La tiranía del lector

Cuando era una niña no me gustaba comer casi nada. No soportaba el pescado, no me gustaba la verdura y nunca probaba mis tartas de cumpleaños. Un día fui a pasar una semana de vacaciones a la casa de una amiga. Su familia vivía del campo, concretamente de vender pimientos de Padrón (siento el spoiler, pero nunca son de Padrón). Así que solo podíamos pasar las tardes haciendo lo que nos diera la gana, porque por la mañana todos en esa casa tenían que ir al invernadero a recolectar. Esto me hizo pensar en la tiranía del lector, por algo que me pasó cuando una semana que estuve de vacaciones en esa casa.

A mí me educaron en el trabajo, la ayuda al prójimo y en ese horrible sentimiento de culpabilidad si no compartes el peso de la vida con los demás. Así que decidí levantarme yo también a las siete de la mañana para ayudar, una manera de agradecer esas mini vacaciones en horario de tarde. Puede que no tuviera mucha idea de cómo se hacía aquello, pero decidí que diez pimientos en la cesta eran mejor que nada. Y se produjo en mí un cambio con el que no contaba.

Después de tres días oliendo pimiento fresco se me dio por probarlos de nuevo, a pesar de que hacía años había decidido que no me gustaban. Y desde ese momento los como con gusto.

Es extendida la creencia de que la gente nunca cambia. Puede que esté de acuerdo, al menos en parte. Pero a mí me gusta decir que la gente, dentro de cómo es, sí evoluciona con el paso del tiempo, la vida y las personas.

Yo quise probar los pimientos de nuevo, y a nadie se le ocurrió decirme que no podía hacerlo porque nunca me habían gustado. Quise comer un pimiento y lo comí, así de sencilla es la vida cuando no nos ponemos barreras.

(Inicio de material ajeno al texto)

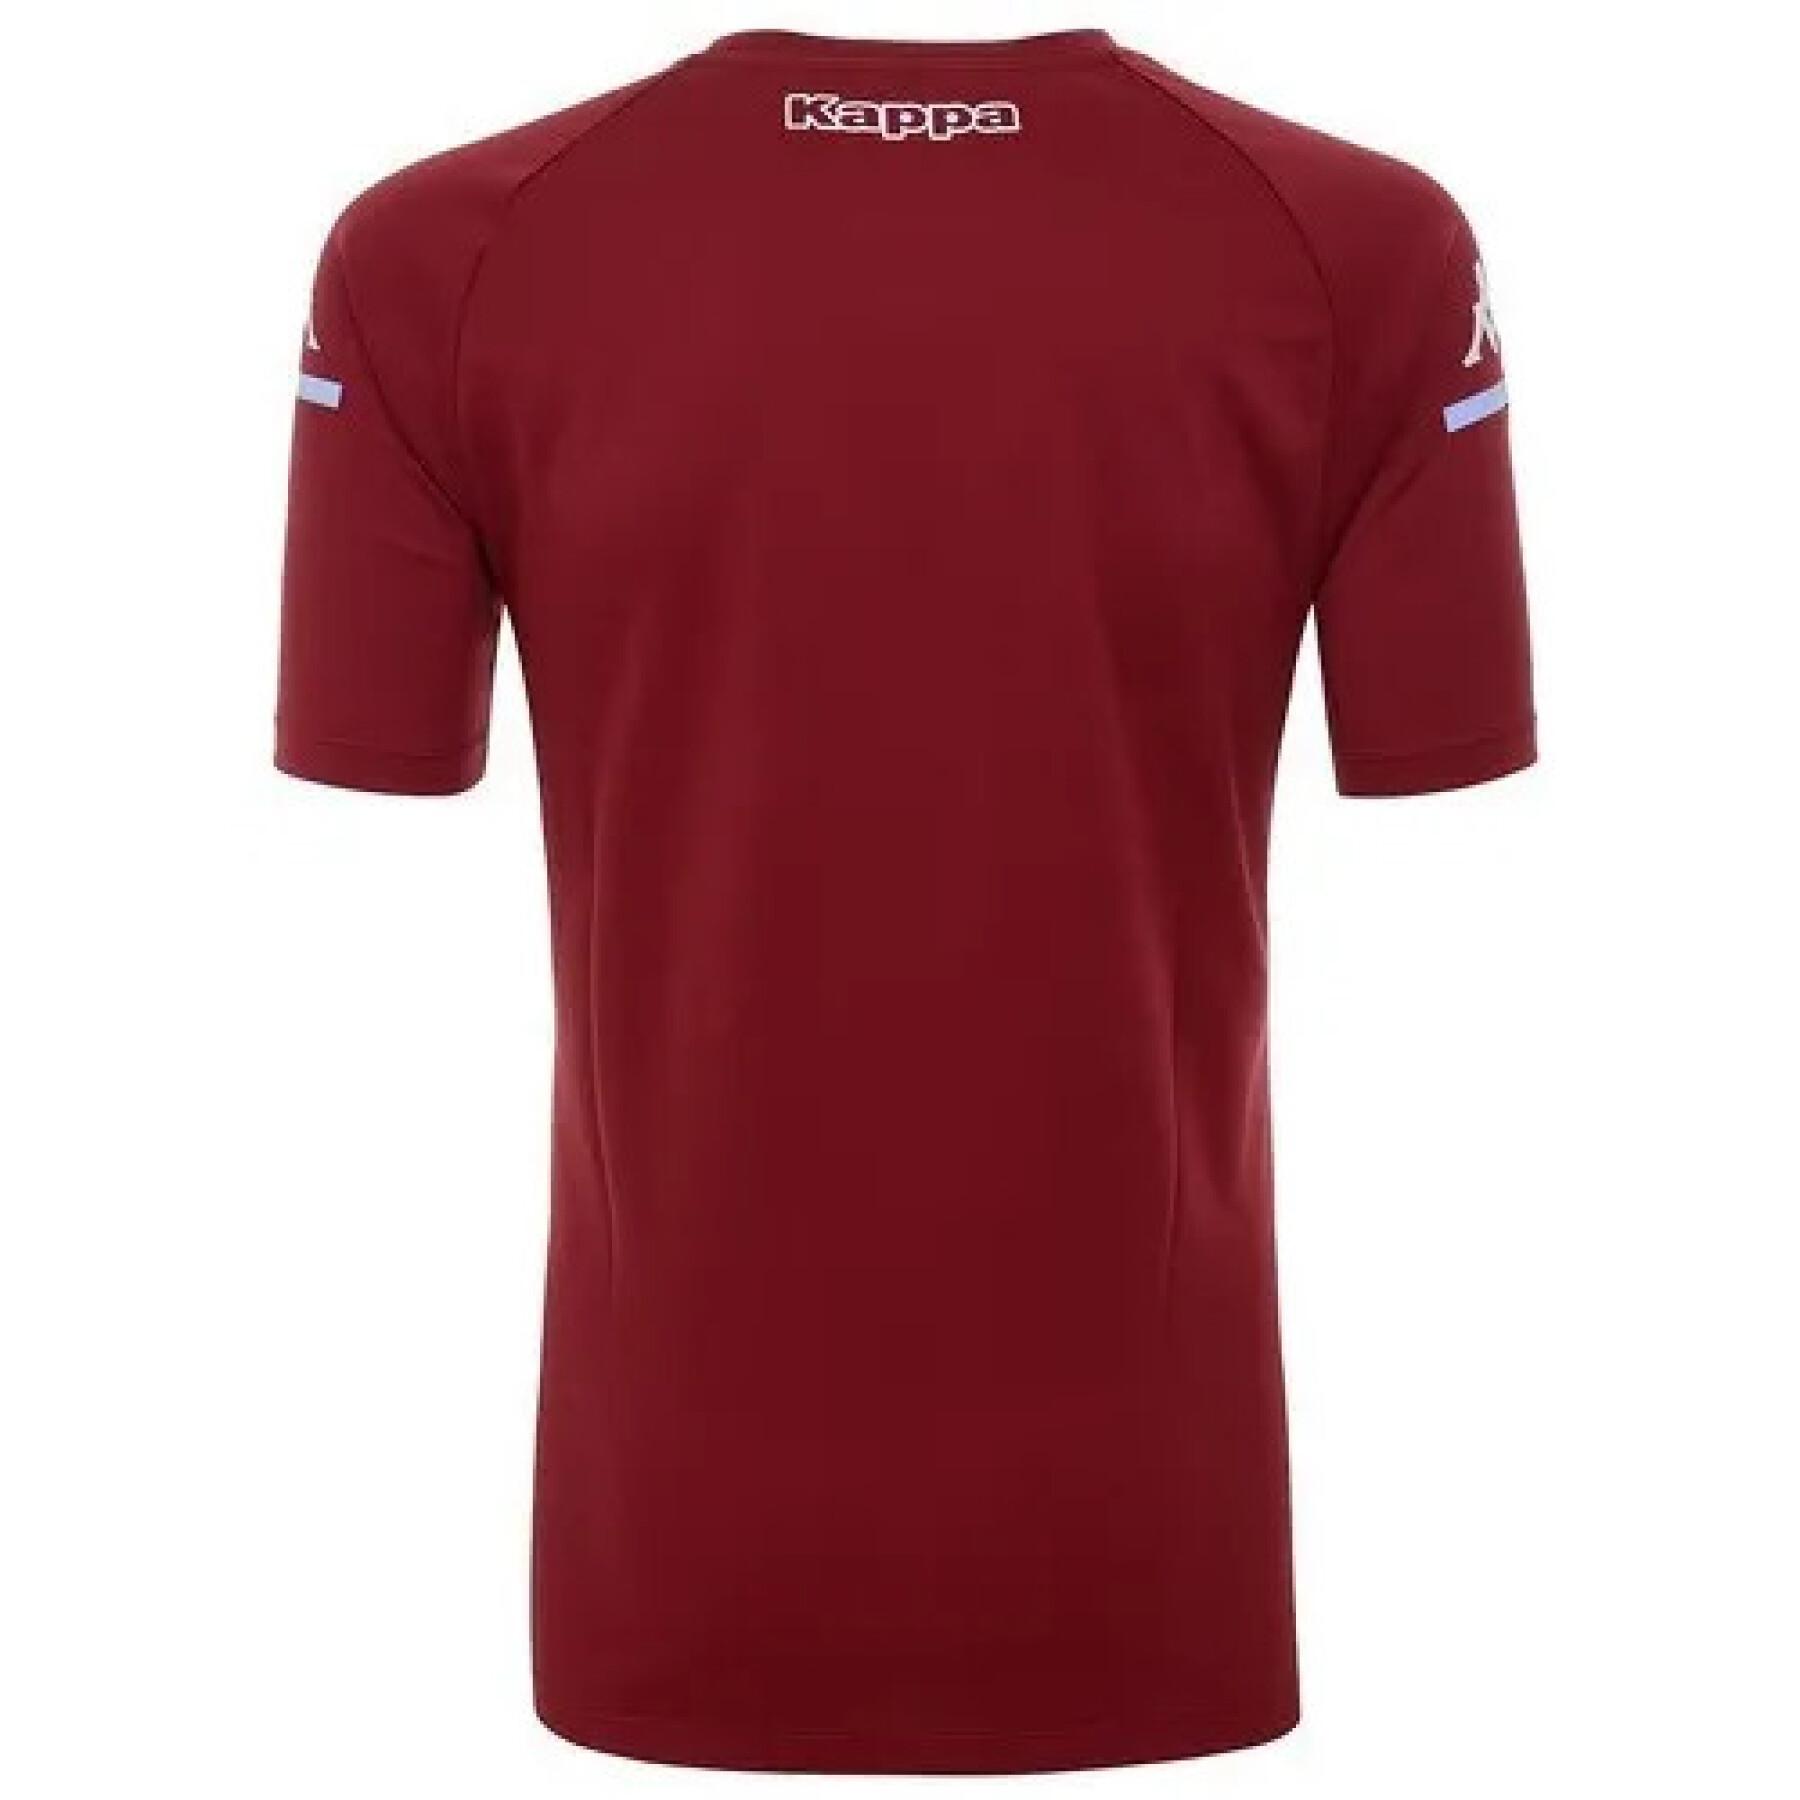 T-shirt Aston Villa FC 2020/21 aboupres pro 4

Recordando esto me pregunto por qué nadie deja probar pimientos a un escritor. Yo conozco a uno que escribe un mismo género desde hace años, lo hace muy bien, publica con editorial y mucha gente lo lee. Pero hace poco decidió que también quería escribir otro tipo de historias. Me llamó la atención que en sus redes sociales empezase a hablar de un libro que no tenía nada que ver con las lecturas que compartía habitualmente. Y gracias a la confianza que me tiene acabó confesándome que ese libro lo había escrito él.

La aceptación del libro fue muy buena porque ese escritor es un gran escritor, así que al final acabó confesando que el libro era suyo. Y a mí me entró tremenda pena pensar en lo que había hecho, y no porque hubiese actuado mal, si no por las razones que tuvo para proceder de aquella manera. Porque soy consciente de que si hubiera publicado aquella historia con su nombre desde un principio probablemente no habría llegado a tanta gente como lo hizo.

Cuando yo leo un libro lo hago porque la sinopsis me llama la atención. Da igual que conozca al escritor o que no haya oído hablar de él en mi vida. Independientemente de quien sea, la historia tiene que llamarme. También estoy en el lado opuesto. Hay escritores cuyos libros compro sin importarme lo que pongan en la contraportada, porque lo que compro no es la historia, si no la forma en la que ese autor cuenta las cosas. En ambos casos no me importa cuál sea el género que tenga asociado, yo no encasillo, o al menos trato de no hacerlo.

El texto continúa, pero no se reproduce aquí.